Here is the task for the records below: repeat exactly the lines from the one with "HANAYA 華家 Japanese" to the one with "Oak + Arrow Interiors Cane Low Basket Small", both included, and nothing else.
________________________
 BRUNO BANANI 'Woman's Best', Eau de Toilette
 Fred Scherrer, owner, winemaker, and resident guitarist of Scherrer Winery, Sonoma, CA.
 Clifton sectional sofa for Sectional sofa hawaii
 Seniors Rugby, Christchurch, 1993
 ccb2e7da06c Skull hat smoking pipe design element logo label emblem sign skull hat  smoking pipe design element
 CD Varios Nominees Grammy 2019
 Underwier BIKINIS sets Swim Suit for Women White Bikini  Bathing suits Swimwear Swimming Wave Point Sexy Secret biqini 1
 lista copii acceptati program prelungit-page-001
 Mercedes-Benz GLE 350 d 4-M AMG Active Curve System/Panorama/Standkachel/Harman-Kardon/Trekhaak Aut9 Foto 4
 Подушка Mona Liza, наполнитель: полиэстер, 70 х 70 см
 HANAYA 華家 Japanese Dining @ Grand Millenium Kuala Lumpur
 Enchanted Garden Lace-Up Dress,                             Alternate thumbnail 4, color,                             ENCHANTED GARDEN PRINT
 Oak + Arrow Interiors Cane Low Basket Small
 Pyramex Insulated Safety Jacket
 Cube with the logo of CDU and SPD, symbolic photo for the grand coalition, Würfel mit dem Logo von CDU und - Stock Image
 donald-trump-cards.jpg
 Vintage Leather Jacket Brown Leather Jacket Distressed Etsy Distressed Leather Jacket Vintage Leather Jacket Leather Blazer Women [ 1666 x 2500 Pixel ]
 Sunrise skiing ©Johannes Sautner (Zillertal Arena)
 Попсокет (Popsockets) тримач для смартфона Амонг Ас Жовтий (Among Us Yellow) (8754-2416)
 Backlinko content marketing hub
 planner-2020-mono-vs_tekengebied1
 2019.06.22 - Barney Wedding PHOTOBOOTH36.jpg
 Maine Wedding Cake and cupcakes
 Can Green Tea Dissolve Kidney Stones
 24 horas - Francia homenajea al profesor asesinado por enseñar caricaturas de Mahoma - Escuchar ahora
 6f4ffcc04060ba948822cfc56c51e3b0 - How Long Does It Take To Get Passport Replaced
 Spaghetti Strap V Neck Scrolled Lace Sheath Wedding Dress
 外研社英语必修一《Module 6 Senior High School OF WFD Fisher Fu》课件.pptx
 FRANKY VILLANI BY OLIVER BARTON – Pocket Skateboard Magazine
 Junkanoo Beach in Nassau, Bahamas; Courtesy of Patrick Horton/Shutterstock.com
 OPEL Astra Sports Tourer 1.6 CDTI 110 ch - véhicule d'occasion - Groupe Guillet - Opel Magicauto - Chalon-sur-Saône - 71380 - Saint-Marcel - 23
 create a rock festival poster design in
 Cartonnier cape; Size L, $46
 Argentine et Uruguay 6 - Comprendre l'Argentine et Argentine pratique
________________________
OUTPUT:
 HANAYA 華家 Japanese Dining @ Grand Millenium Kuala Lumpur
 Enchanted Garden Lace-Up Dress,                             Alternate thumbnail 4, color,                             ENCHANTED GARDEN PRINT
 Oak + Arrow Interiors Cane Low Basket Small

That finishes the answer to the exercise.